TL;DR
- Djangoの権限管理ライブラリである、django-rulesはインスタンス同士で権限管理できる
- django-rulesの機能として、Djangoに内蔵されている権限と認可機能との統合がある
- この統合機能により
has_permを使うとインスタンス同士の比較だけでなくデータべースのレコードのチェック行われてしまう - インスタンス同士の比較に留めたい場合は
rules.test_ruleを使おう
django-rulesとは
Djangoで権限管理をしたい場合、Djangoに内蔵されている権限と認可機能を利用したいと考えると思います。
しかし、このデフォルトの機能は権限をデータベースのレコードに保存するため、取り回しが面倒です。
Ruby on Railsでよく使われるPunditやPHPのLaravelにある認可のしくみ のようにデータべースのレコードでなく、インスタンス同士で比較する形をDjangoでも実現したい場合に便利なのがdjango-rulesです。
django-rulesに関しては以下の記事が参考になります。
- Djangoで組織とユーザーの権限の管理をやってみる #devio2022 | DevelopersIO
- django-rulesを使って、オブジェクトレベルの認可判定をViewとテンプレートでそれぞれ実装してみた - メモ的な思考的な
なお、Djangoの認証認可については id:hirokiky さんのPyconjp 2017のスライド もわかりやすいです。

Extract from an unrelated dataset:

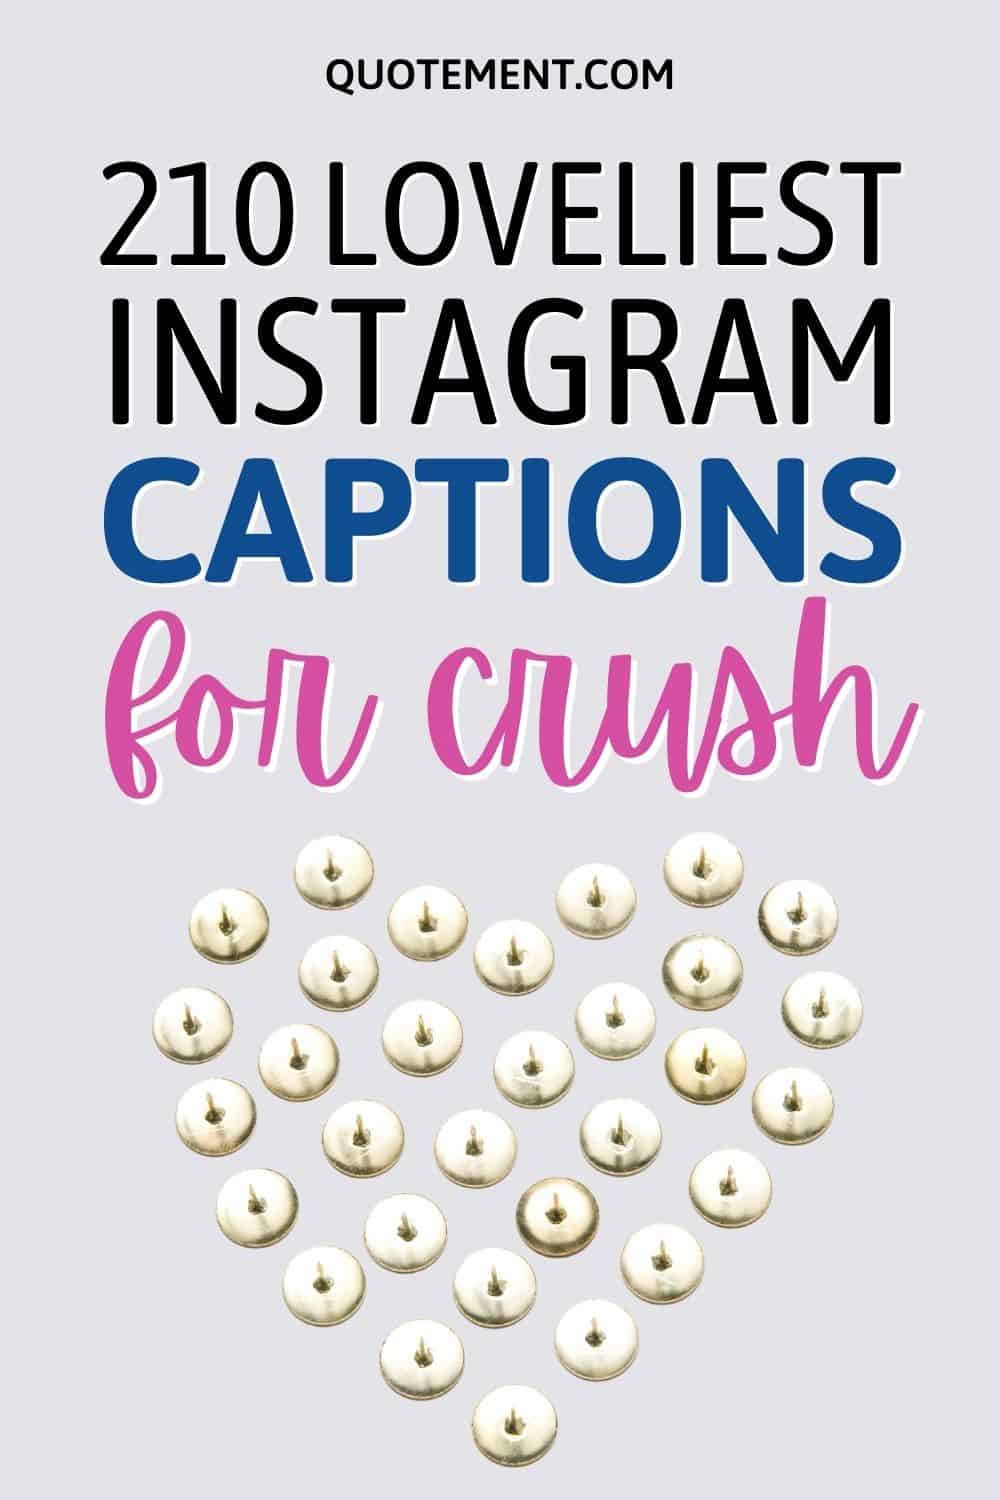 210 Lovely Captions For Crush To Let Them Know How You Feel

(最終的に自作していてすごい)
django-rulesの has_perm の問題点
さて、ここから本題です。 django-rulesにはインスタンス同士の比較だけでなく、前述したDjango内蔵している権限と認可機能とも統合できるメソッドがあります。それが、 has_perm です。
このhas_permというメソッド名、Djangoが持っているメソッドと同名です。
django-rulesのREADMEにあるように以下の設定をすることで
# settings.py
AUTHENTICATION_BACKENDS = (
'rules.permissions.ObjectPermissionBackend',
'django.contrib.auth.backends.ModelBackend',
)
django-rulesで書いたルールとDjangoの権限と認可機能を透過的に利用することができます。
これは便利な一方で、意図しないデータべースのアクセス増加を引き起こす場合があります。
具体的には :
has_permメソッドが呼ばれると、Djangoは設定された認証バックエンドを順番に試しますrules.permissions.ObjectPermissionBackendが処理を試みます
該当するルールがない場合や、結果がFalseの場合、次の
django.contrib.auth.backends.ModelBackendに処理が移りますModelBackendはauth_permissionテーブルをチェックするためのクエリを発行します
AUTHENTICATION_BACKENDSの処理を行っているコードはこちら(2025-03-27現在のLTSである4.2のもの)
特にdjango-rulesが提供するカスタムテンプレートタグ has_permをテンプレート内で利用すると、テンプレートのレンダリング中にデータべースへのアクセスが発生する原因になります。
解決策: test_rule を使う
django-rulesが提供した範囲内で権限チェックを行えるようRuleSet.test_rule というメソッドを提供しています。これを使うことで、Djangoの認証バックエンド連鎖を経由せず、django-rulesで定義したルールだけをチェックできます。
このtest_ruleを呼び出すためのカスタムテンプレートタグ test_ruleも用意 されているので利用することができます。
おわりに
てっきり has_perm はdjango-rulesのRuleSet内の権限チェックで完結すると思い、Django Templateで呼び出したところ急激にデータべースの負荷があがったという失態を犯してしまったのでした…
この記事が他の方に役立てば幸いです。